--- What to work on ---
Extract the stretch of lines that starts at the line with "基礎からのSDGs × Innovation" and ends at the last line of the data below. Give it exactly, without pictures.

--- Data ---
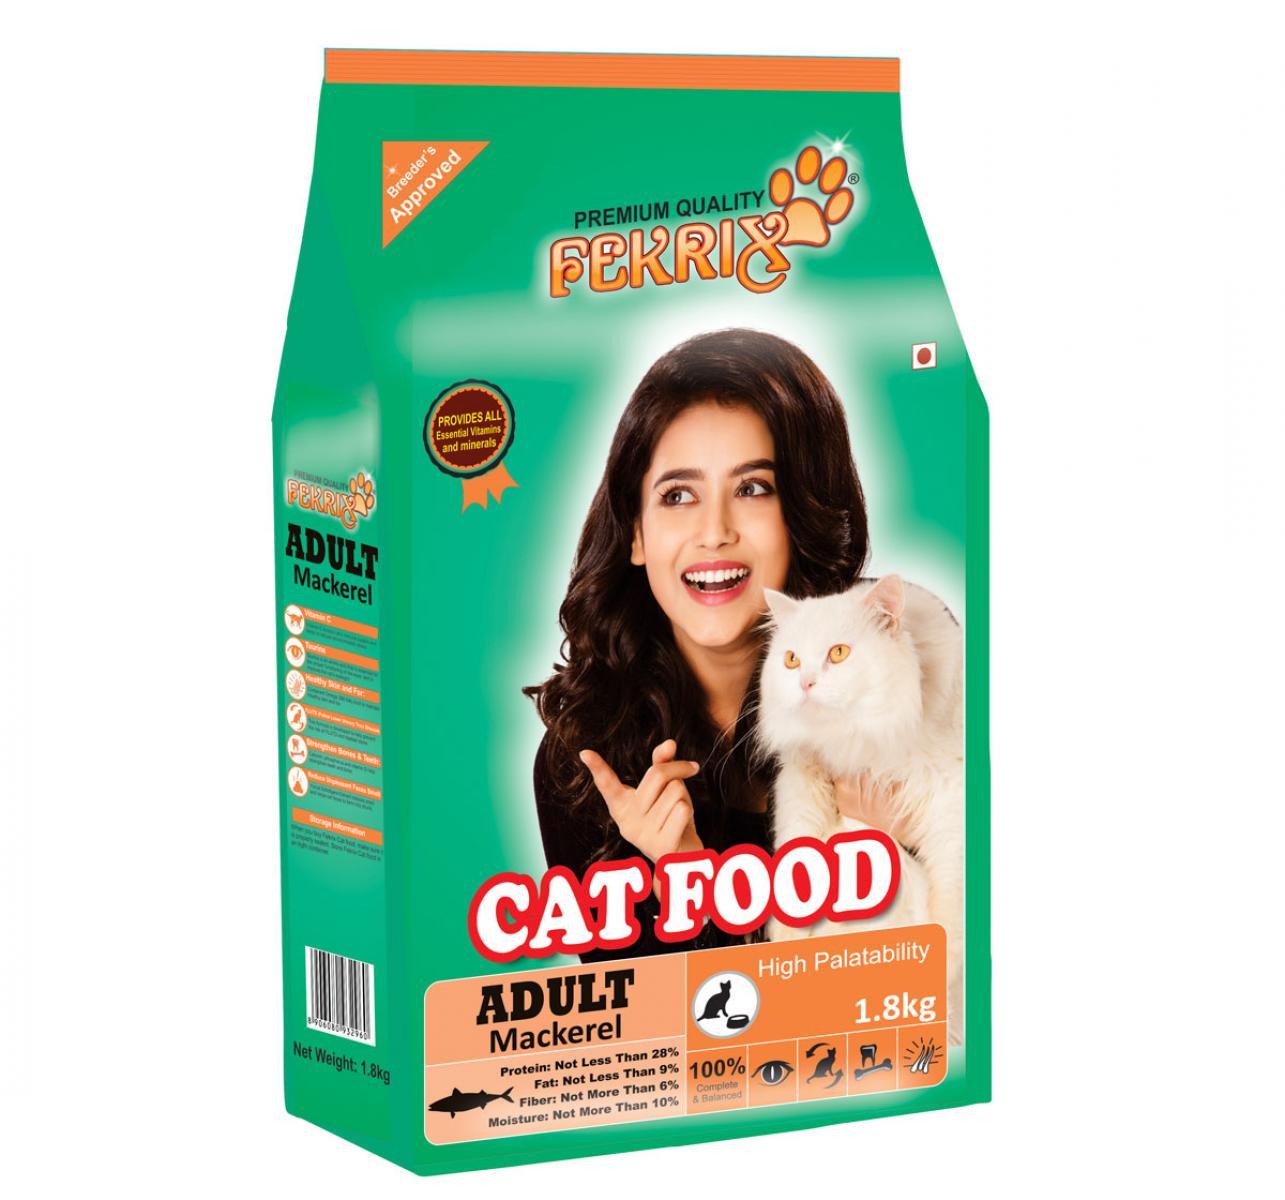 Fekrix Mackeral Adult Cat Food - 1.8 Kg
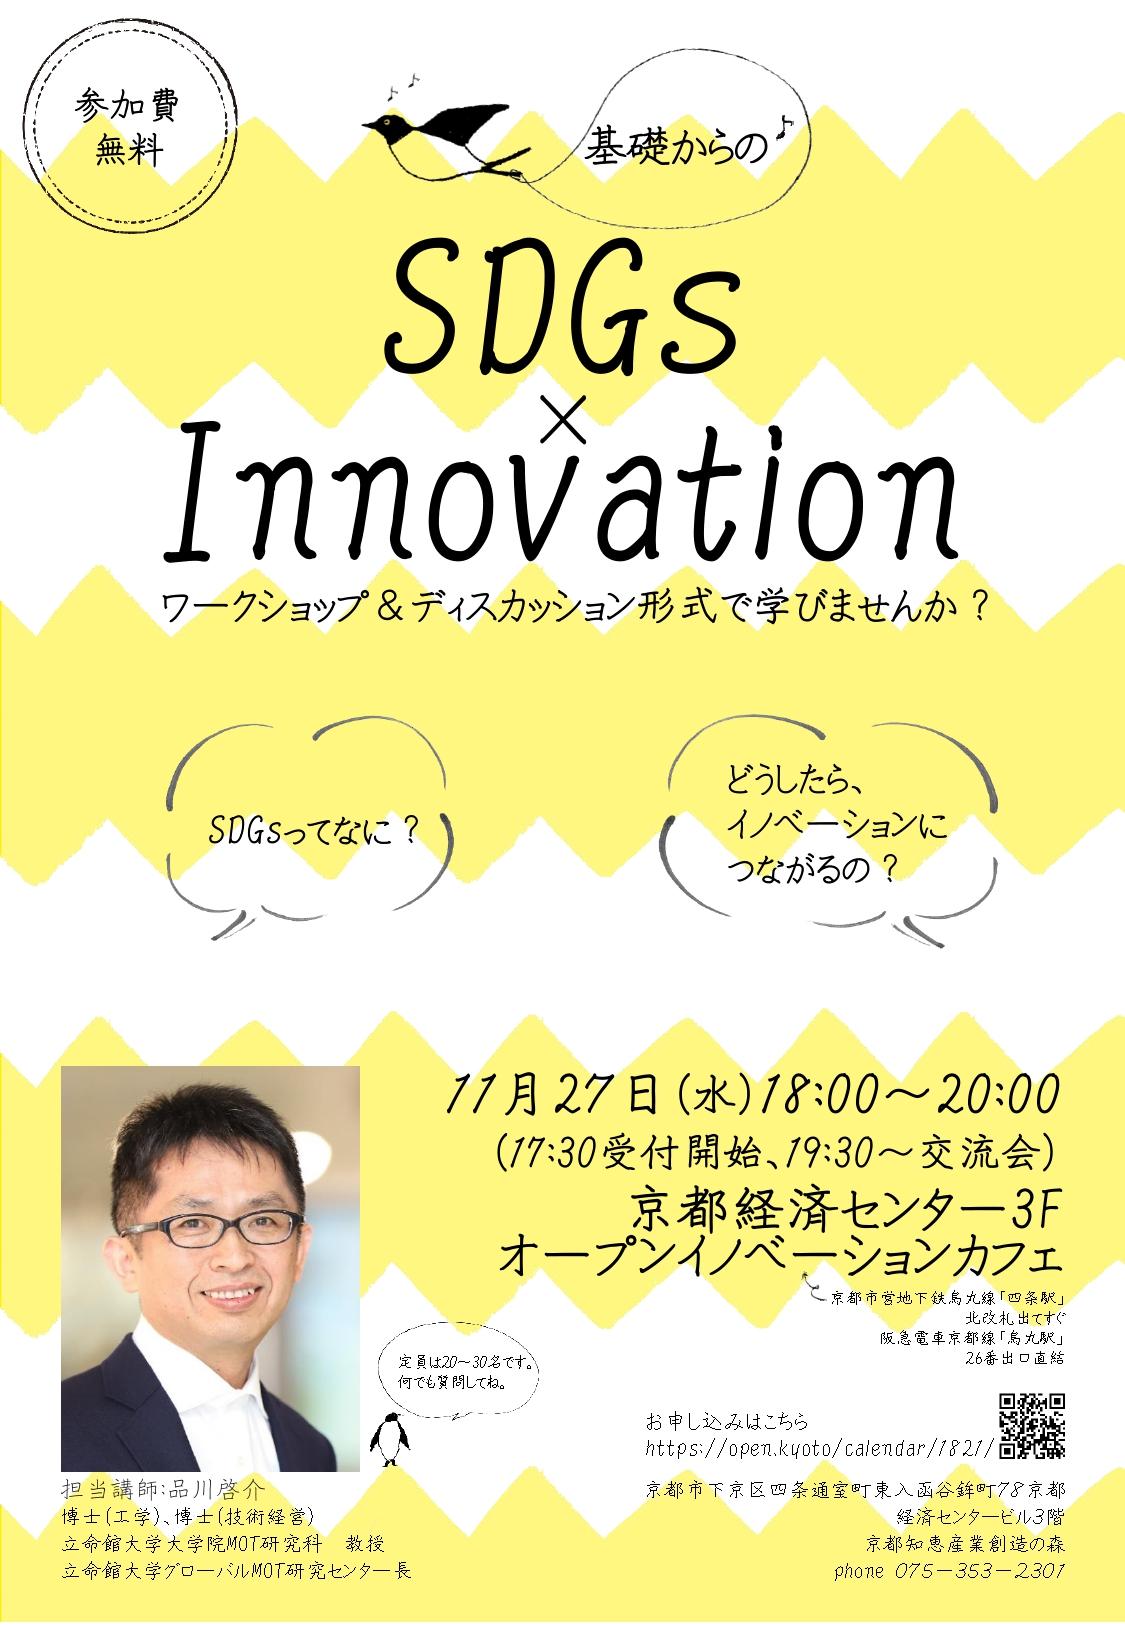 基礎からのSDGs × Innovation
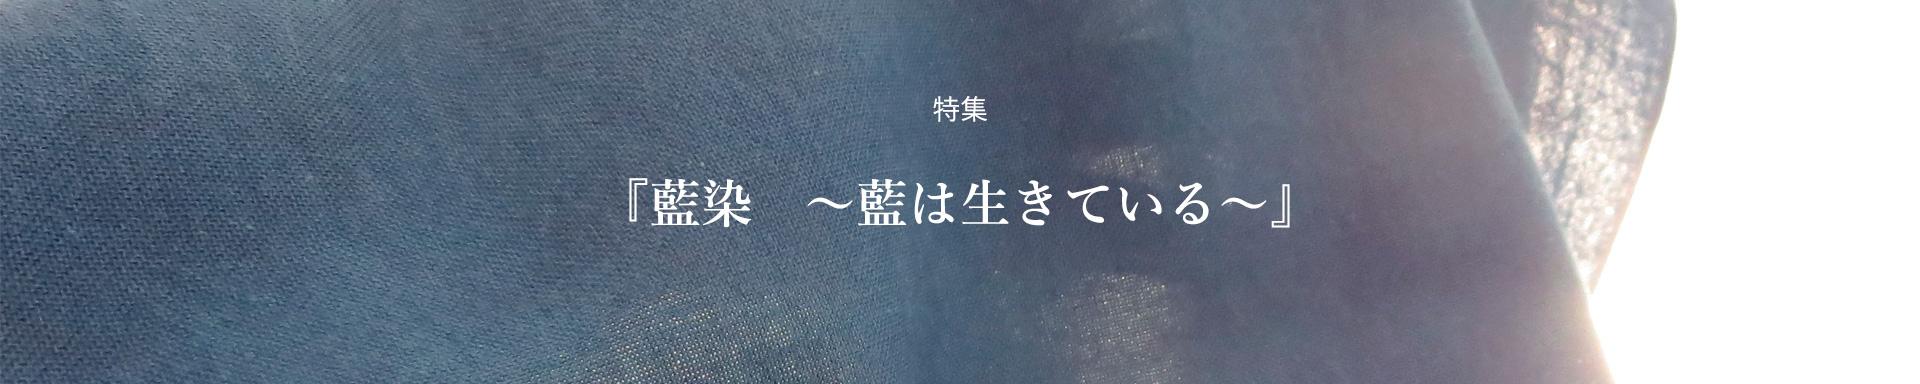 特集 藍染 ~藍は生きている~
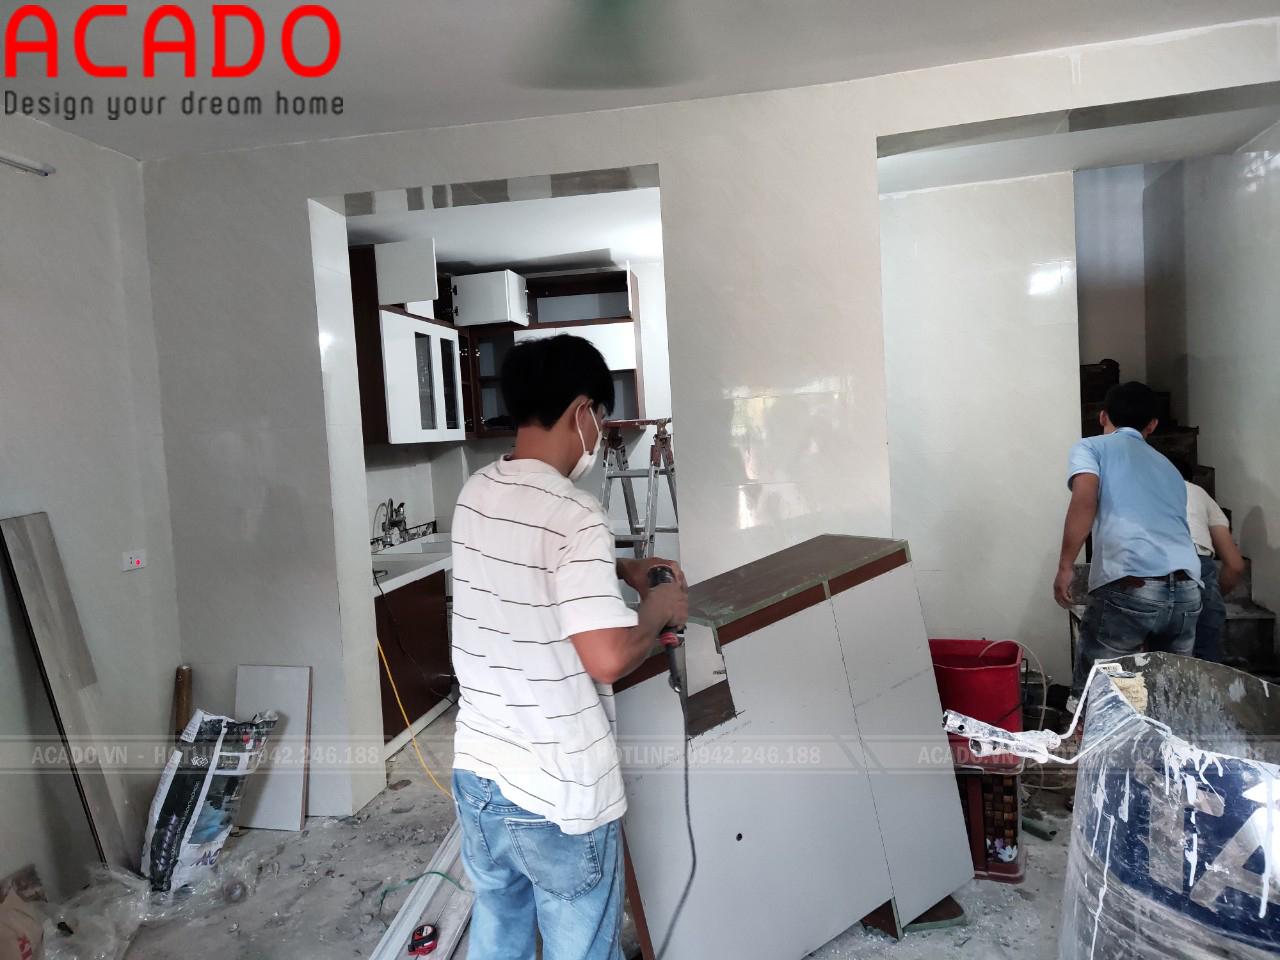 Thợ thi công thực hiện quá trình thi công tủ bếp - Làm tủ bếp tại Hoàng Mai - Hà Nội

--- Result of the task ---
 基礎からのSDGs × Innovation
 特集 藍染 ~藍は生きている~
 Thợ thi công thực hiện quá trình thi công tủ bếp - Làm tủ bếp tại Hoàng Mai - Hà Nội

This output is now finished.